The British couple held hostage by Somali pirates for more than a year are planning to continue their sailing adventures. Rachel and Paul Chandler said they had the support of family and friends who raised half a million pounds of ransom money for them.
They will set sail on their original yacht Lynn Rival in the next few weeks heading to Morocco, the Canaries and South America – but steering clear of pirate waters.
The Chandlers offered to repay the ransom money, but were told there was no need.
“They flatly refused. To us they’re the unsung heroes. Their lives were turned upside down too, but all the focus has been on us,” Rachel said.
They were kidnapped in October 2009 and held separately for more than a year. Mr Chandler said those around them had been “wonderful”.
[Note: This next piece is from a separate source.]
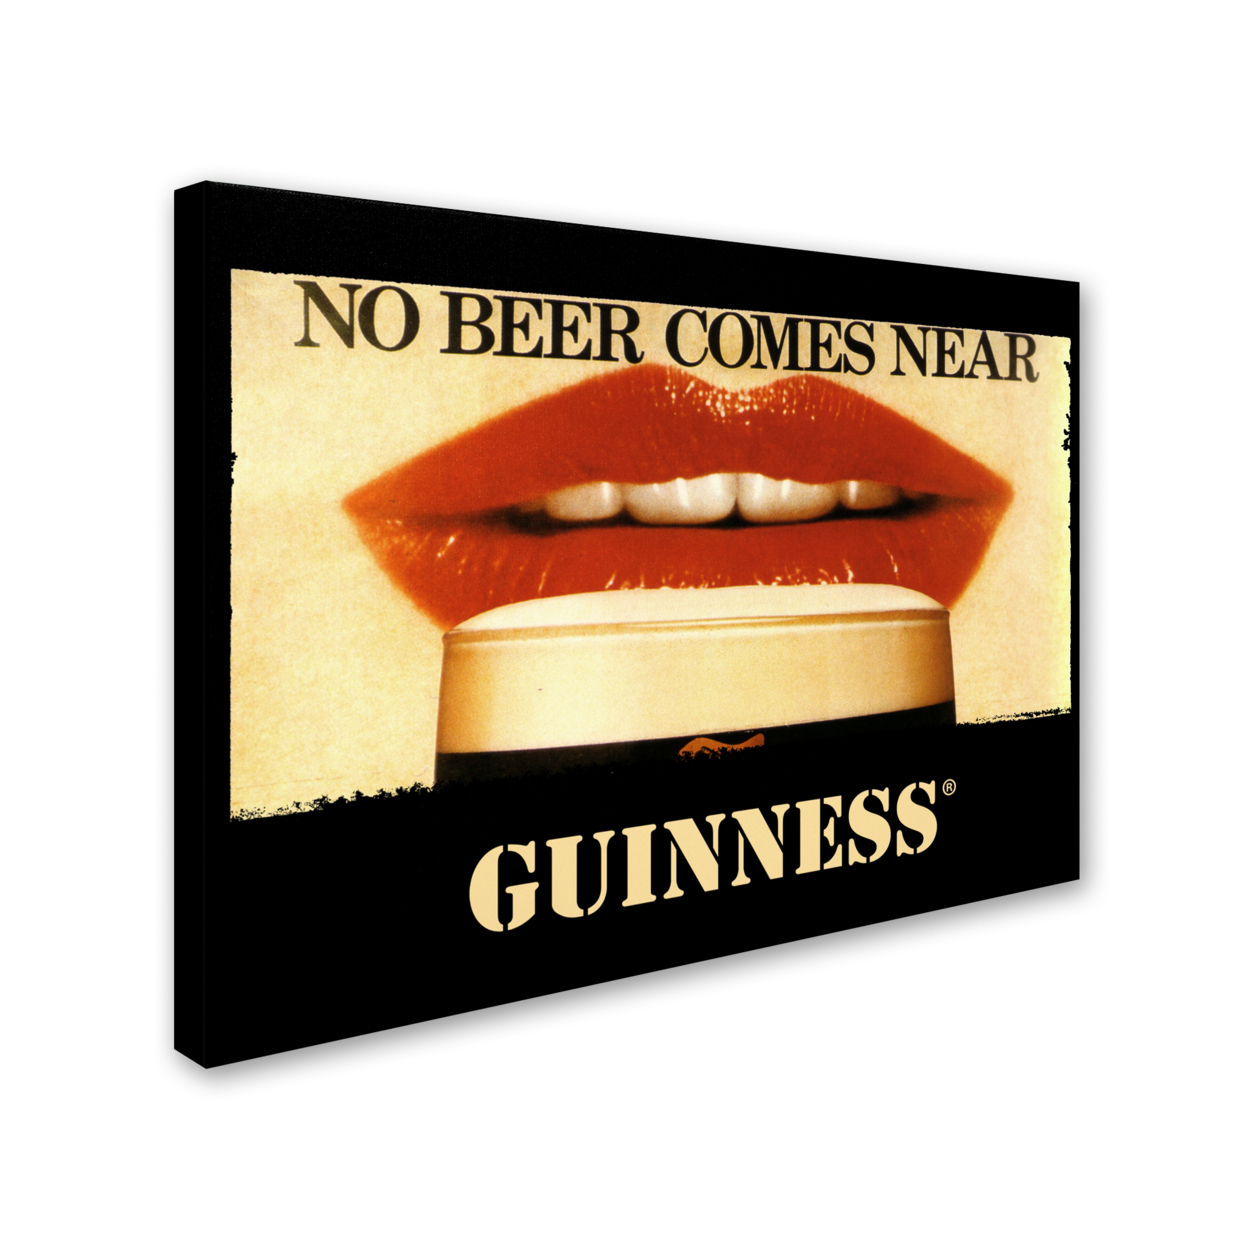 Guinness Brewery 'No Beer Comes Near' 14 X 19 Canvas Art

“They want us to get our lives back, and life for us at the moment is travelling and sailing,” he told BBC Radio Five Live. “I think they are relaxed about it, I don’t think they would be very positive if we were to be captured again, but we had bad luck, we were in the wrong place at the wrong time, and the chances of it happening again are incredibly small.”
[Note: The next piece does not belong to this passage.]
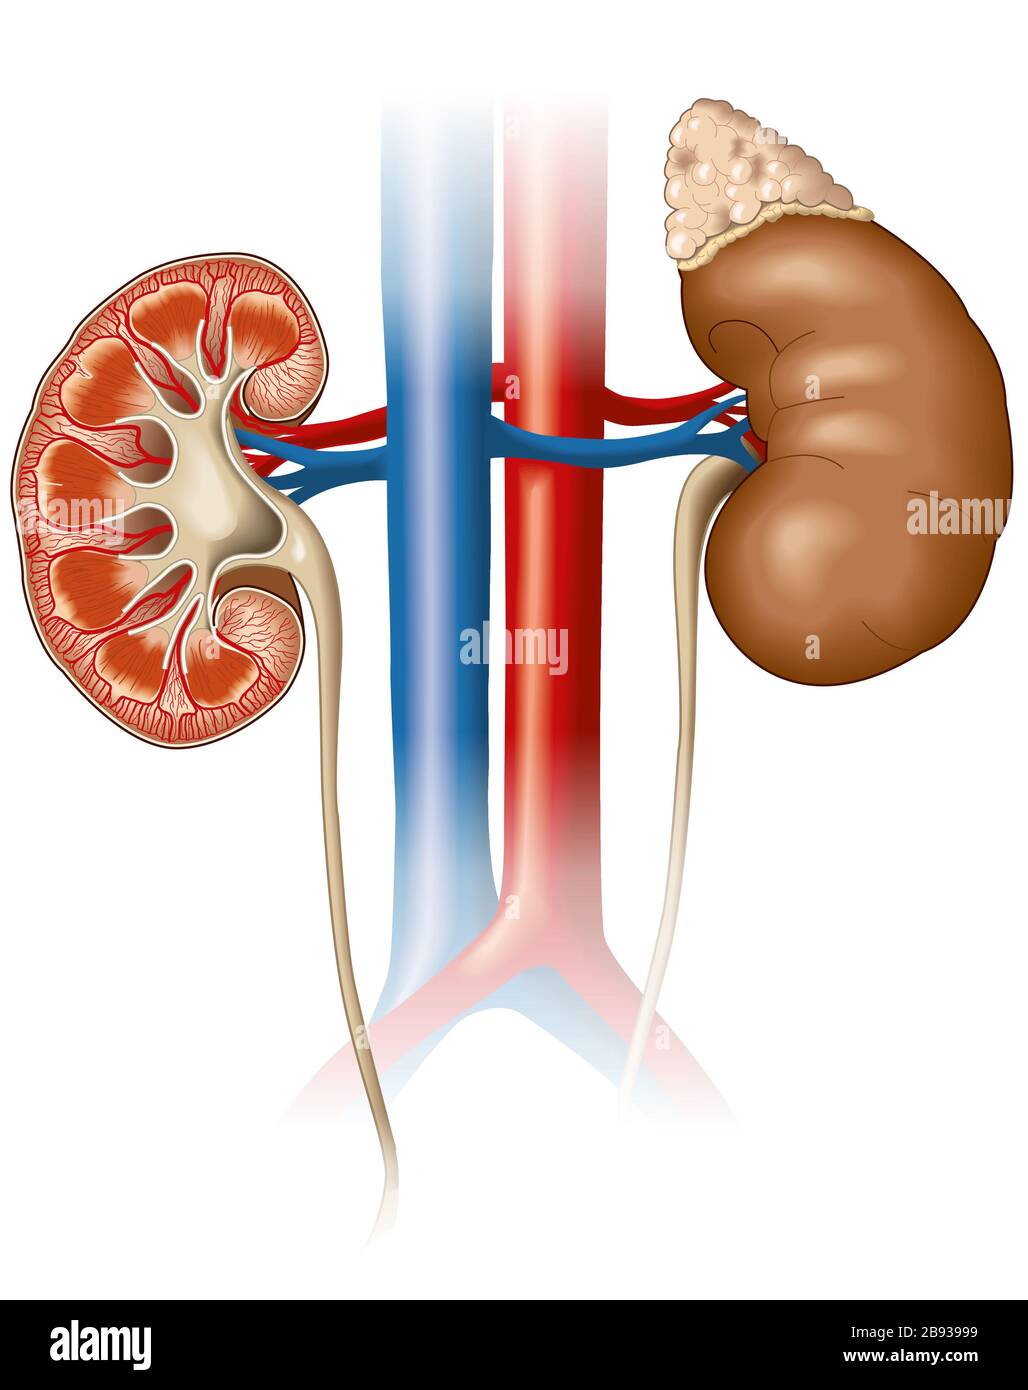 Medically illustration showing cross-section of a kidney with inferior vena cava and descending aorta Stock Photo

“Some friends think we’re mad and our family are apprehensive, but sailing is our life,” Rachel said. However, she continued, “From day one our close family and friends were very keen that we should get back to normal, they were very worried that would be permanently scarred by what had happened to us, and I think it was reassuring to them that, having found out that we had our boat back, that the Navy had brought our boat back for us, for them to know that we did actually want to restore it, and get back to cruising to get our lives back again, was reassuring to them.”
“More than anything we just want to be able to get on with living. We don’t want to be defined as former hostages for the rest of our lives.”
“It’s still our dream to spend our retirement sailing and we won’t let that dream be taken away.”
The couple spent 388 days in captivity after armed raiders boarded their 38ft yacht, Lynn Rival, as they sailed from the Seychelles to Tanzania in notoriously dangerous waters.
The retired pair, from Tunbridge Wells in Kent, were released in November 2010 after the ransom was paid.